I, too, think that overheating might be the issue. My first dog, Max, and then Newlie would start the night up in bed with me, but then jump down when they got too hot. I keep my room pretty cool so there hasn't ever been an issue with them wanting to leave the room. Sometimes we forget that the same heavy coat that makes it possible for them to lie in the snow to relax means that they stay warmer than we do in the house. When we are comfortable, they probably feel a little warm.


----------



## shepherdmom (Dec 24, 2011)

I have a weird dog... She is opposite of what everyone is saying. Because the bedroom is further away from the heat source (our pellet stove) it is cooler in our room. Our dog goes out and lays on the hearth stone in front of the stove. Sometimes when I get up and night and go pet her and her fur is hot to the touch. She loves the heat.


----------



## robrymond (Sep 7, 2014)

Our 8 month old will lie by the front door as well. He never used too but the older he has got, the more he slumps down in front of it. I believe there is a small draft under the door. Not only that he has dug the carpet up by the door so I guess he was too hot.

Just wait for Summer if he thinks its hot now! Our house gets very warm during summer. I also think he may be 'on guard' but I'm not sure on that. Do all dogs 'guard'?


----------



## llombardo (Dec 11, 2011)

All of mine stay in close proximity of me. Some are right on top of me. They rotate and are usually not in the same spot they started in but they are not far from me.


----------



## SuperG (May 11, 2013)

shepherdmom said:


> I have a weird dog... She is opposite of what everyone is saying. Because the bedroom is further away from the heat source (our pellet stove) it is cooler in our room. Our dog goes out and lays on the hearth stone in front of the stove. Sometimes when I get up and night and go pet her and her fur is hot to the touch. She loves the heat.


Tropical bloodline no doubt 


SuperG


----------



## Chip18 (Jan 11, 2014)

If you "want" a dog to sleep with you...get a Boxer..problem solved! As for my GSD put me down in the dogs prefer to be in the living room at night camp!

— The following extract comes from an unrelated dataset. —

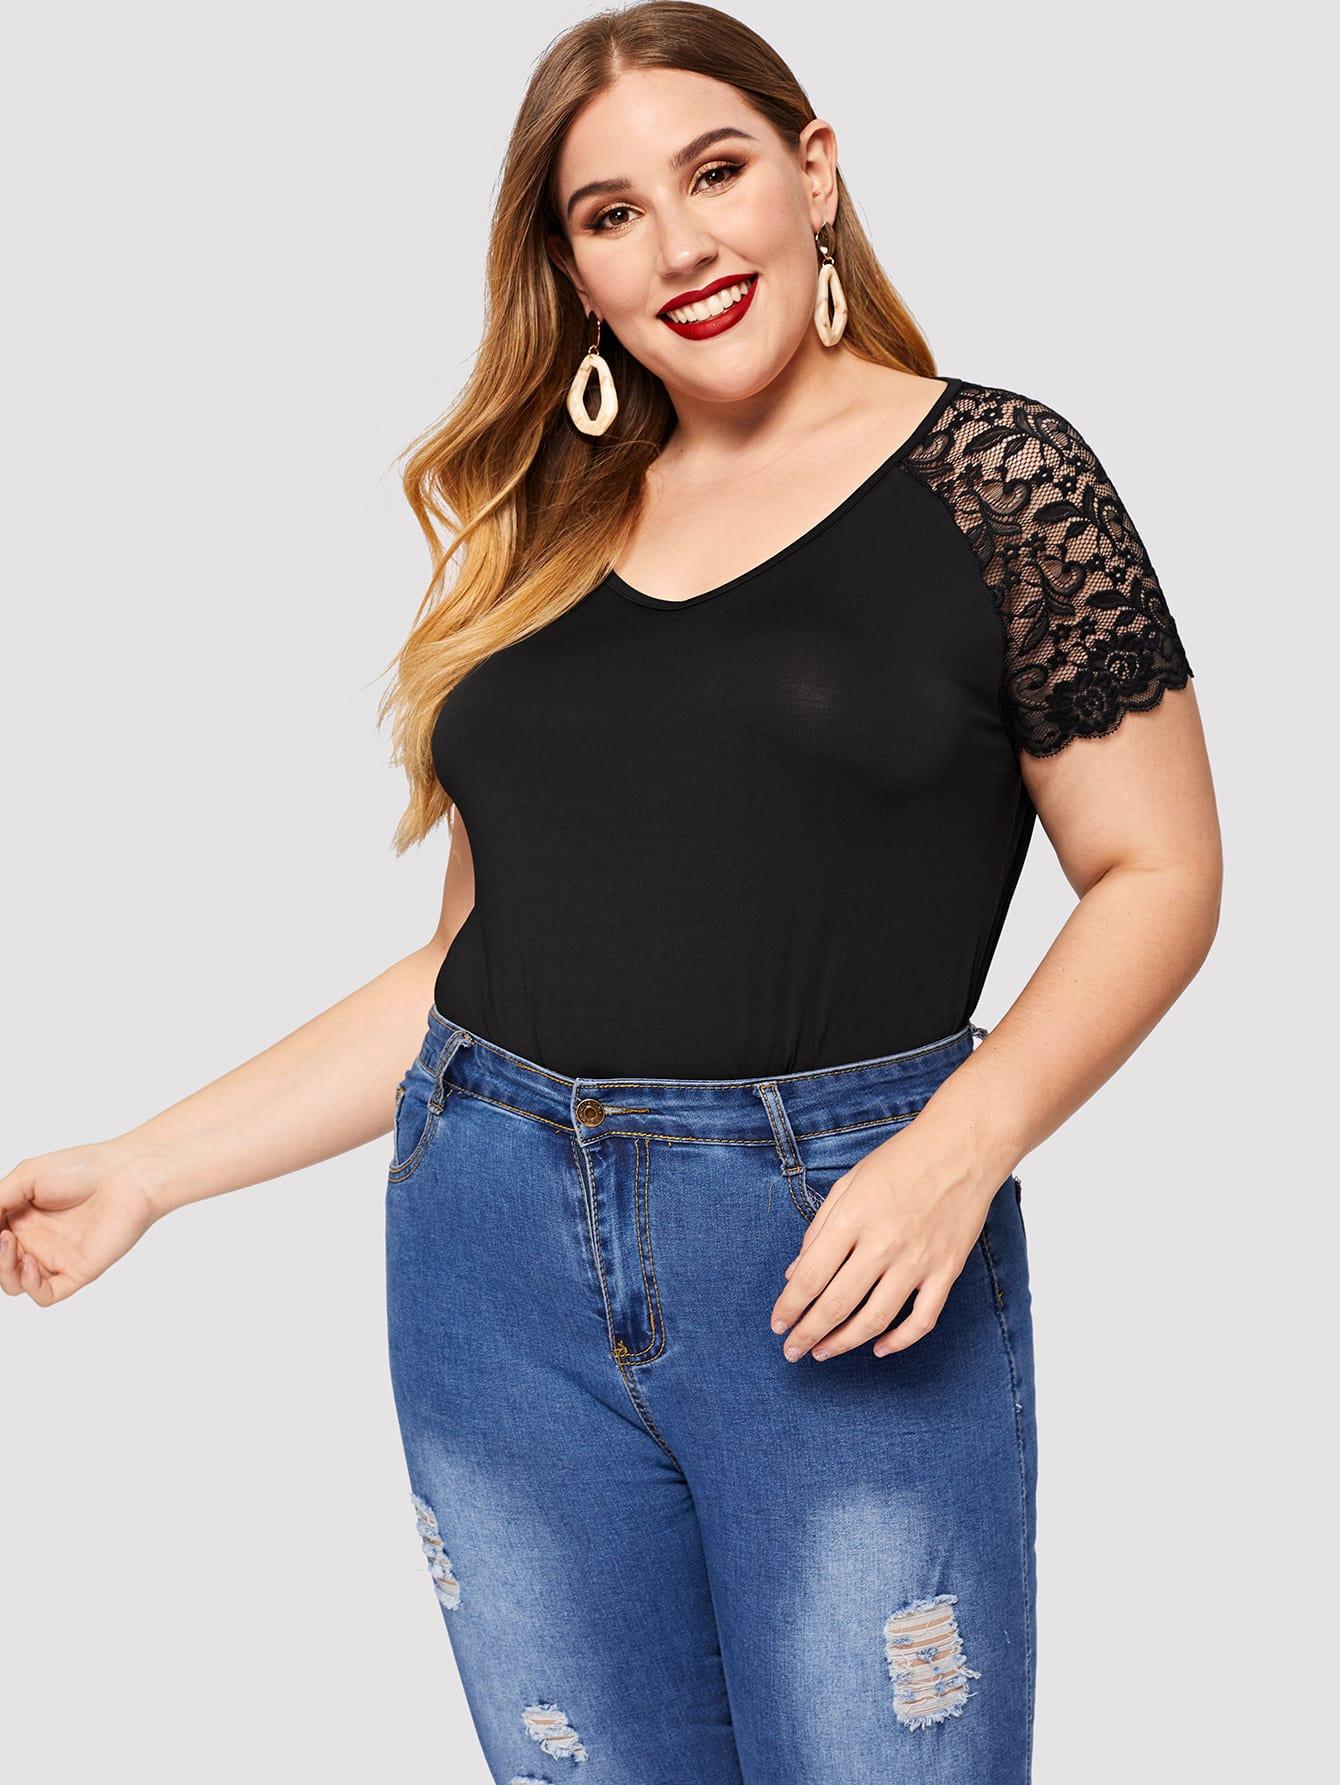 Купить Размера плюс кружевная плоская футболка с V-образным вырезом, Mafe, SheIn

Maybe it is the heat thing?? Sometimes in the dead of winter he will go outside and lay on the concret?? He'll stay out there until I notice he's not by my feet and call him in!

Very un Boxer like! Struddell would do a quick potty dash and back in the house before you could close the door! But Rocky has always been a... well the door is closed so I'll stay out here till whenever??

He used to sleep in the bedroom with us but, now he's decided the living room and the couch are fine by him!


----------



## BARBIElovesSAILOR (Aug 11, 2014)

Yes, he possibly is over heating. It's odd... Last night I THINK he slept with me all night with door open...? Let's see what he does tonight? Hehe.


----------